Первый пациент пришёл через час – буровик с нарывом на руке. Я вскрыл, промыл, наложил повязку. Тамара стояла у двери и смотрела. Ни слова. Ни подсказки. Просто наблюдала – как мои пальцы держат скальпель, как двигаются, с каким нажимом. Когда буровик ушёл, она налила мне чай. Без сахара, крепкий, в стакане с подстаканником.
– У вас руки хирурга, а не фельдшера, – сказала она. Не спрашивая – констатируя.
Я промолчал.
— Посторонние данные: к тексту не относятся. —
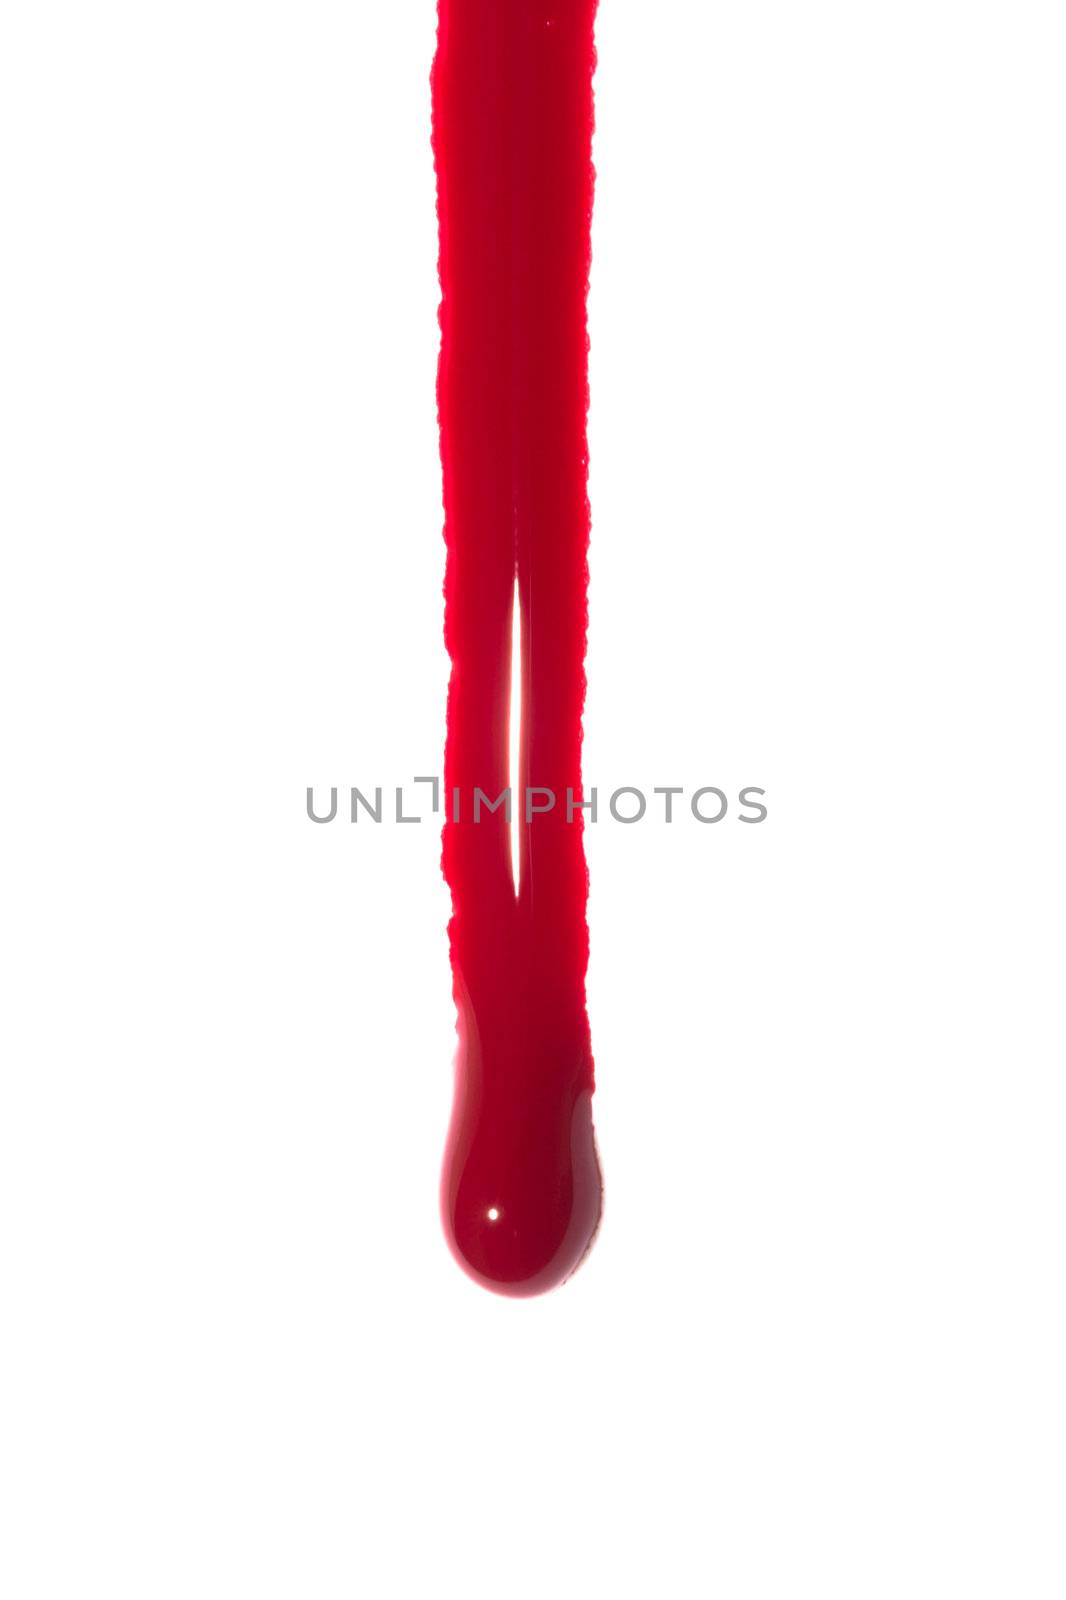 A high resolution image of a blood drips and drops

Отпил чай. Он был горьким и обжигающим, и почему-то именно от этого чая мне стало спокойнее, чем за все два года.
В тот же вечер Лиза нарисовала свой первый рисунок в новом доме. Я дал ей цветные карандаши, которые купил ещё в прошлом городе, и оборотную сторону рецептурного бланка. Она рисовала сосредоточенно, высунув кончик языка. Домик с трубой и двумя окнами. Зелёная трава – хотя за окном лежал снег. Круглое жёлтое солнце. И подпись – печатными буквами, криво, старательно: «Папе от Лизы С.»
Я хотел забрать. Но она уже побежала в медпункт и повесила рисунок на стену – кнопкой, рядом с графиком дежурств. Тамара Ивановна улыбнулась. Я – нет.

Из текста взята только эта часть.